[[ Records for this exercise open ]]

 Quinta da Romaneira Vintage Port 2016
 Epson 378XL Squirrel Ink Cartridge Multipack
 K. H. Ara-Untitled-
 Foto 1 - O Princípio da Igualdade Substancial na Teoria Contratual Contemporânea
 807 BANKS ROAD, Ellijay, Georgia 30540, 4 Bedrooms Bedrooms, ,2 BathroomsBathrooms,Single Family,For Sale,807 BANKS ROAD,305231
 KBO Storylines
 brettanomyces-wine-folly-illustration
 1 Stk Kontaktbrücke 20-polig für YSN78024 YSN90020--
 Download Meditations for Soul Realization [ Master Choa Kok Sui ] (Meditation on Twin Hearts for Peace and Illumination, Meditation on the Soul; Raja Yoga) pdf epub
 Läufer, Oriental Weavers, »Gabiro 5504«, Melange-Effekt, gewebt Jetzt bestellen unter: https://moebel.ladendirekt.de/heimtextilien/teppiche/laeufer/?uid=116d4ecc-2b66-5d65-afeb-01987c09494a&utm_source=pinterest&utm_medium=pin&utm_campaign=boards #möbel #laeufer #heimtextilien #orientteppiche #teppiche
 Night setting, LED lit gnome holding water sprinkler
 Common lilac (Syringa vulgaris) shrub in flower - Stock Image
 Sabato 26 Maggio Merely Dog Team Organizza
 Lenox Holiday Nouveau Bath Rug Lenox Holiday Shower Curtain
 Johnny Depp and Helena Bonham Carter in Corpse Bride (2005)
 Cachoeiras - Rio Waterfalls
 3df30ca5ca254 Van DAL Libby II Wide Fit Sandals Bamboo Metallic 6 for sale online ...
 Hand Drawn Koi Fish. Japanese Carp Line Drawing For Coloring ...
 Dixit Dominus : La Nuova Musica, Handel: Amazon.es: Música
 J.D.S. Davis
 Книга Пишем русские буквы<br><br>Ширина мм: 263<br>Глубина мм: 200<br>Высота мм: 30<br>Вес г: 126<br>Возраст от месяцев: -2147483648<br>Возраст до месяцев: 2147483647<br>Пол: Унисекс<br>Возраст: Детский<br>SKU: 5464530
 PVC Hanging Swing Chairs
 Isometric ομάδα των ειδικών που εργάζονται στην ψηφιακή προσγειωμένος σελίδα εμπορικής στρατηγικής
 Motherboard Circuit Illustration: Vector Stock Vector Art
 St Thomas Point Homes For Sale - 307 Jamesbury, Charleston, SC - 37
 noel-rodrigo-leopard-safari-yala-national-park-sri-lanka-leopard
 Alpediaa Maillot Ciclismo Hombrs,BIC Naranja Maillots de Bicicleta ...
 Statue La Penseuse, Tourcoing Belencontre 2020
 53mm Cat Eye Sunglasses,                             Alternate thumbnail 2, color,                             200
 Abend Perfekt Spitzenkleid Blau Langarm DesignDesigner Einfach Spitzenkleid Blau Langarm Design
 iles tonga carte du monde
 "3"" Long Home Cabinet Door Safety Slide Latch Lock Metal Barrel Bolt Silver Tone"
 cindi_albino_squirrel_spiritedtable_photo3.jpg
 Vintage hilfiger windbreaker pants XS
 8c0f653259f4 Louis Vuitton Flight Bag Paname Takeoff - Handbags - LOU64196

[[ Records for this exercise closed ]]

Directions for this task | The answer should consist of every entry, repeated word for word.

Response to the exercise |
 Quinta da Romaneira Vintage Port 2016
 Epson 378XL Squirrel Ink Cartridge Multipack
 K. H. Ara-Untitled-
 Foto 1 - O Princípio da Igualdade Substancial na Teoria Contratual Contemporânea
 807 BANKS ROAD, Ellijay, Georgia 30540, 4 Bedrooms Bedrooms, ,2 BathroomsBathrooms,Single Family,For Sale,807 BANKS ROAD,305231
 KBO Storylines
 brettanomyces-wine-folly-illustration
 1 Stk Kontaktbrücke 20-polig für YSN78024 YSN90020--
 Download Meditations for Soul Realization [ Master Choa Kok Sui ] (Meditation on Twin Hearts for Peace and Illumination, Meditation on the Soul; Raja Yoga) pdf epub
 Läufer, Oriental Weavers, »Gabiro 5504«, Melange-Effekt, gewebt Jetzt bestellen unter: https://moebel.ladendirekt.de/heimtextilien/teppiche/laeufer/?uid=116d4ecc-2b66-5d65-afeb-01987c09494a&utm_source=pinterest&utm_medium=pin&utm_campaign=boards #möbel #laeufer #heimtextilien #orientteppiche #teppiche
 Night setting, LED lit gnome holding water sprinkler
 Common lilac (Syringa vulgaris) shrub in flower - Stock Image
 Sabato 26 Maggio Merely Dog Team Organizza
 Lenox Holiday Nouveau Bath Rug Lenox Holiday Shower Curtain
 Johnny Depp and Helena Bonham Carter in Corpse Bride (2005)
 Cachoeiras - Rio Waterfalls
 3df30ca5ca254 Van DAL Libby II Wide Fit Sandals Bamboo Metallic 6 for sale online ...
 Hand Drawn Koi Fish. Japanese Carp Line Drawing For Coloring ...
 Dixit Dominus : La Nuova Musica, Handel: Amazon.es: Música
 J.D.S. Davis
 Книга Пишем русские буквы<br><br>Ширина мм: 263<br>Глубина мм: 200<br>Высота мм: 30<br>Вес г: 126<br>Возраст от месяцев: -2147483648<br>Возраст до месяцев: 2147483647<br>Пол: Унисекс<br>Возраст: Детский<br>SKU: 5464530
 PVC Hanging Swing Chairs
 Isometric ομάδα των ειδικών που εργάζονται στην ψηφιακή προσγειωμένος σελίδα εμπορικής στρατηγικής
 Motherboard Circuit Illustration: Vector Stock Vector Art
 St Thomas Point Homes For Sale - 307 Jamesbury, Charleston, SC - 37
 noel-rodrigo-leopard-safari-yala-national-park-sri-lanka-leopard
 Alpediaa Maillot Ciclismo Hombrs,BIC Naranja Maillots de Bicicleta ...
 Statue La Penseuse, Tourcoing Belencontre 2020
 53mm Cat Eye Sunglasses,                             Alternate thumbnail 2, color,                             200
 Abend Perfekt Spitzenkleid Blau Langarm DesignDesigner Einfach Spitzenkleid Blau Langarm Design
 iles tonga carte du monde
 "3"" Long Home Cabinet Door Safety Slide Latch Lock Metal Barrel Bolt Silver Tone"
 cindi_albino_squirrel_spiritedtable_photo3.jpg
 Vintage hilfiger windbreaker pants XS
 8c0f653259f4 Louis Vuitton Flight Bag Paname Takeoff - Handbags - LOU64196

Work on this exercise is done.